This is my Master's thesis work done back in 2010, published in 2012, and finally made more public in 2014 through GitHub. This is a simulation model representing the interaction between survivors of domestic violence and social services. Details are available in Drigo-Sergeyeva, Marina, Charles Ehlschlaeger, and Elizabeth L. Sweet (2012). Intimate Partner Violence and Support Systems, in Ecologist‐ Developed Spatially‐Explicit Dynamic Landscape Models, edited by James Westervelt and Gordon Cohen. Springer: New York.

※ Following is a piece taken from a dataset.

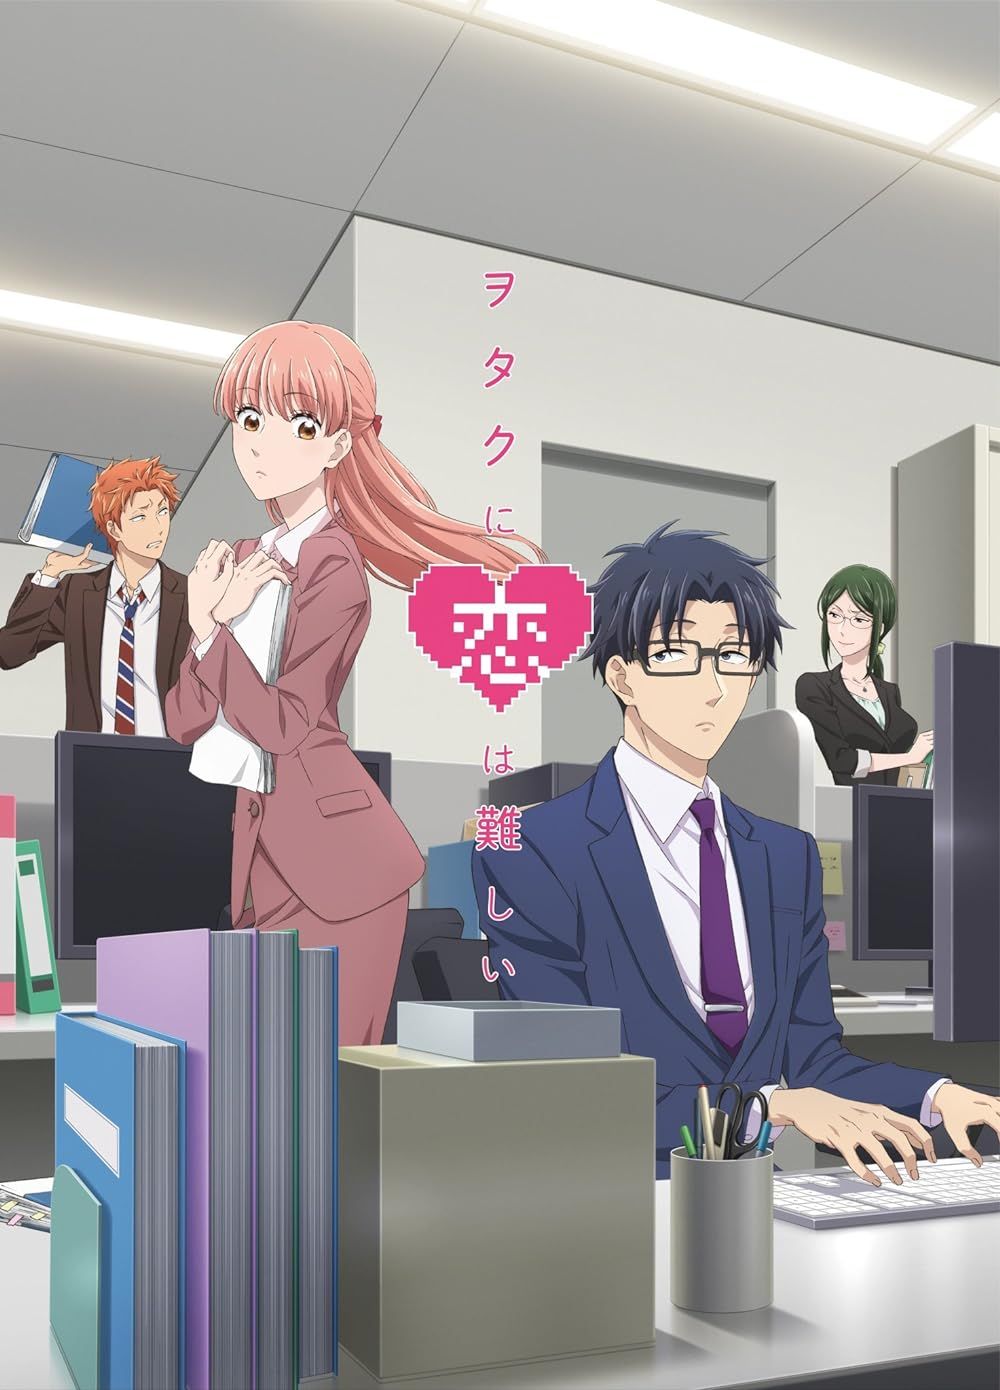 Narumi, Hirotaka, Hanako, and Taro on the poster for Wotakoi- Love Is Hard for Otaku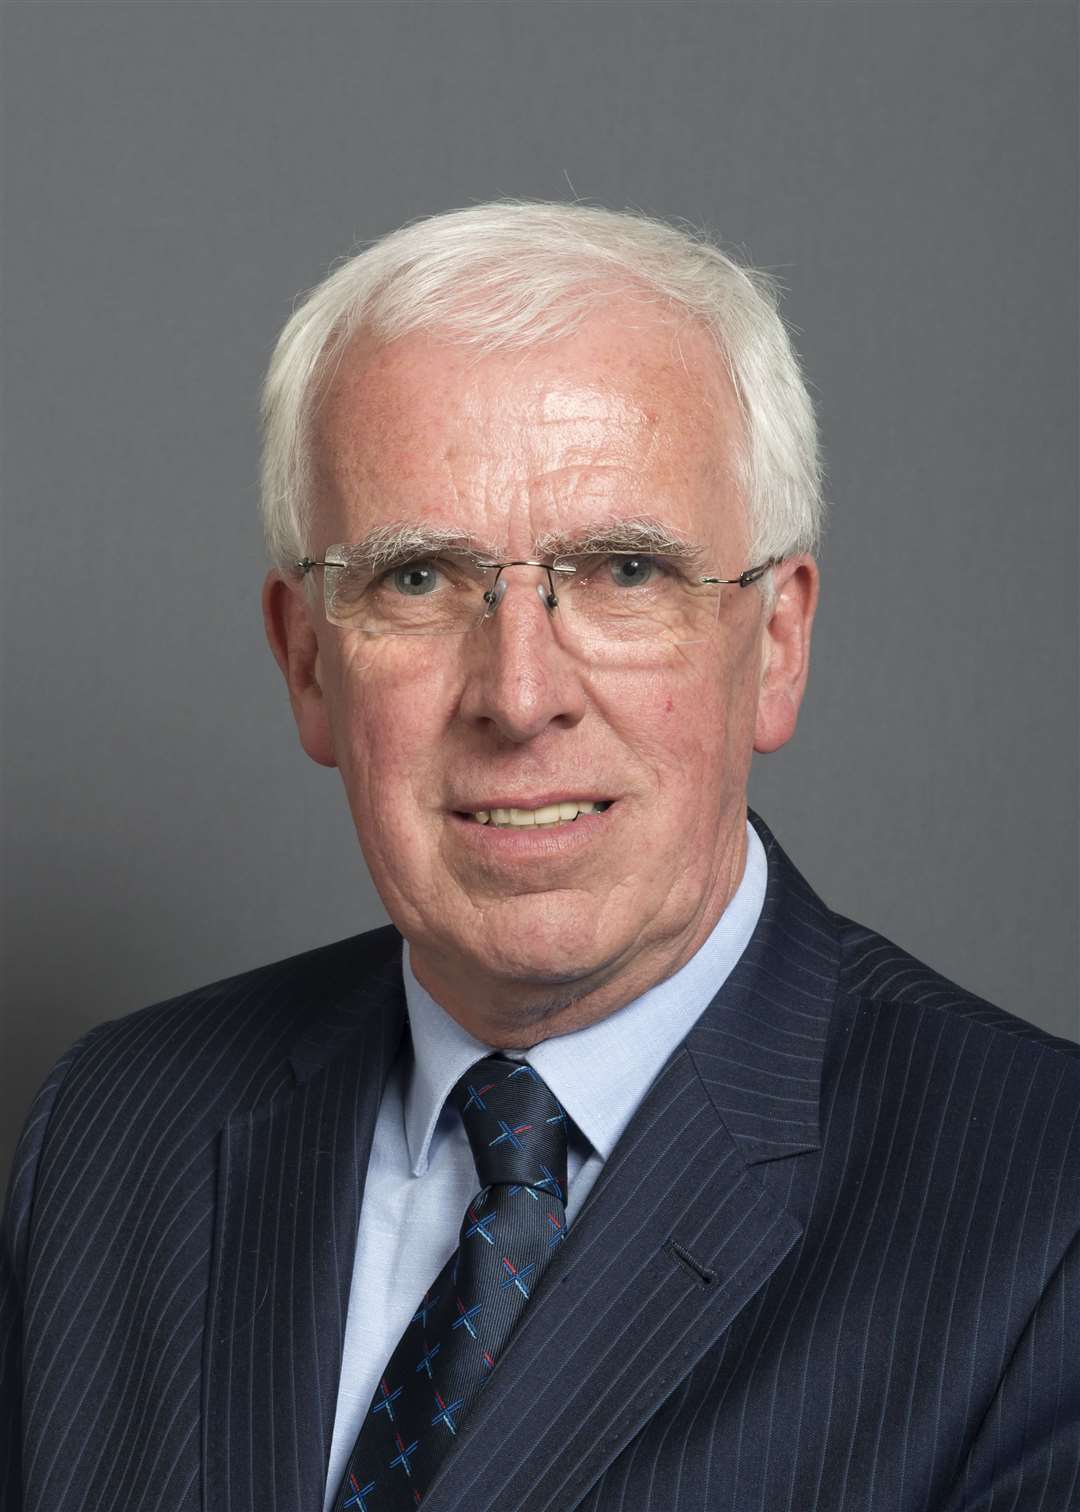 Council leader Jim Gifford

The model is written in NetLogo, an agent-based programming language (http://ccl.northwestern.edu/netlogo/). In order to run the model, you must download and install NetLogo environment (https://ccl.northwestern.edu/netlogo/download.shtml) Then click on and open Chicago-IPV.nlogo. The interface should look similar to the image below. First click 'setup' in order to populate the model with all necessary data. For each simulation, modify parameters using sliding bars as needed, then click 'go'. Since the model is based on probabilitites, it is necessary to run at least several simulations for each combination of parameters in order to perform any further analyses. Otherwise, the results from just one simulation are not statistically representative.
The model must use the accompanied data. It comes in two forms: geographic (GIS) data are located in 'gis_data' directory (containing Chicago boundary files and others); and data on households, population and location of social services are located in 'data' directory.